貴女は幸せにならなくっちゃ、そんなに自己評価が低いと駄目よ」
「自己評価?」
何の事って顔だね。
「貴女の不幸はクズだけじゃない、確かに悠太には彩希が居て恋に破れたのが原因。
でもそれだけだった?」
「それは...」
「寧ろ貴女の不幸は両親の言いなりだった事、自分への自信の無さでしょ?」
彼女はうつ向いている、図星なんだろう。
「酷い目に遭っても貴女はまだ若い、やり直す機会は有るのよ。
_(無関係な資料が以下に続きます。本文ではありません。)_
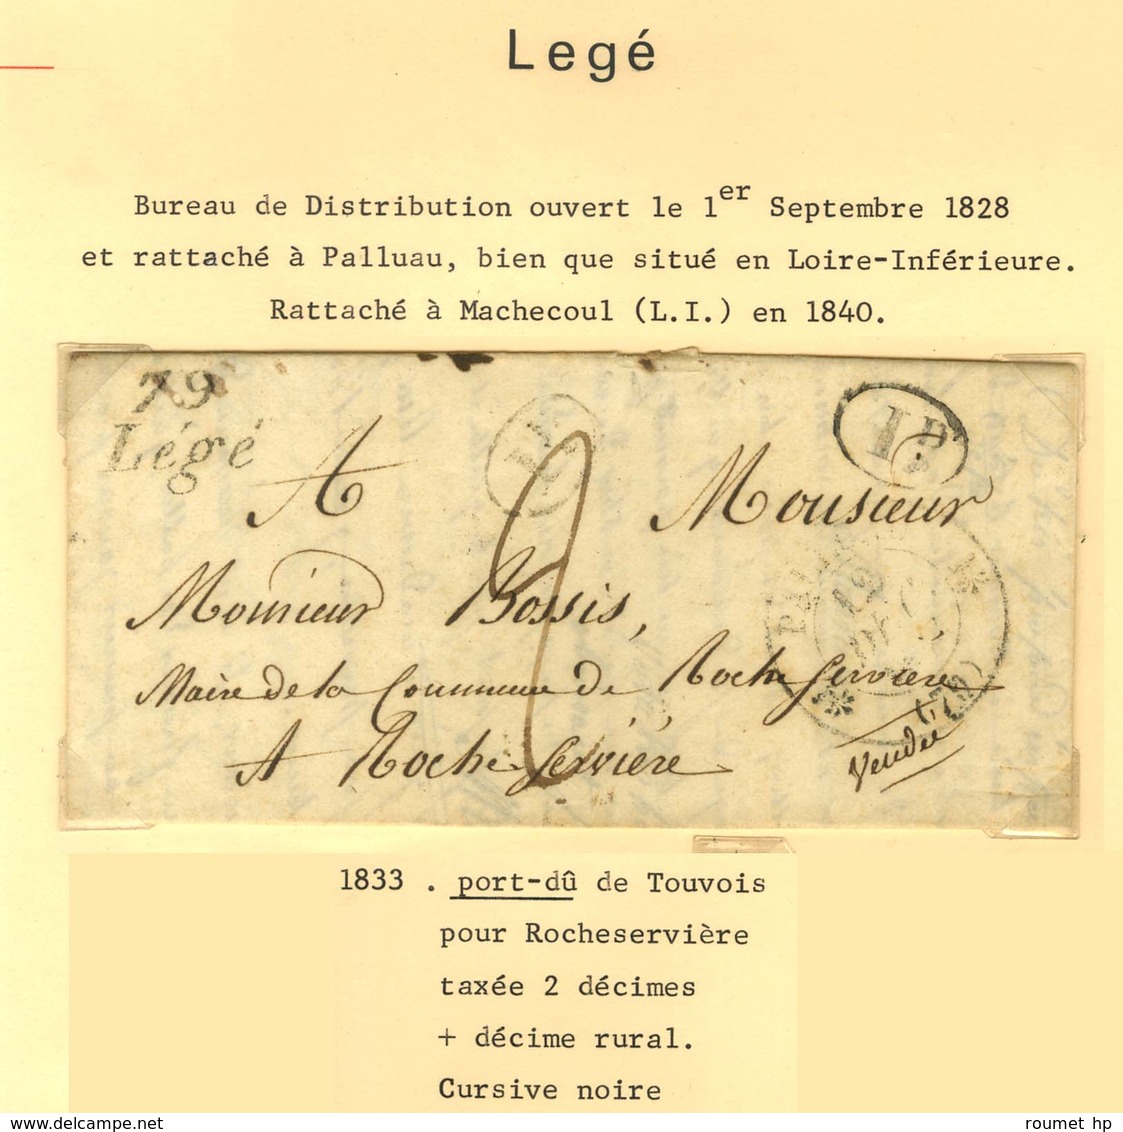 Lot de 13 marques postales et oblitérations de d'Aizenay, la Barre de Mont, Bouin, l'Ile d'Yeu et Lège. - B / TB.

私達の様に」
「お二人の様にですか?」
よく分からないでしょうが、本当の事なのだ。
「今度詳しく教えて上げる。
悠太達が帰って来るから今は無理だけど」
「はい、悠太さんも彩希ちゃんと上手くいったみたいで良かったです」
小さな笑みを浮かべる真弓ちゃん。
どこかで2人と会ったのだろう、彼女の幸せを祈らずにはおれない私達夫婦だった。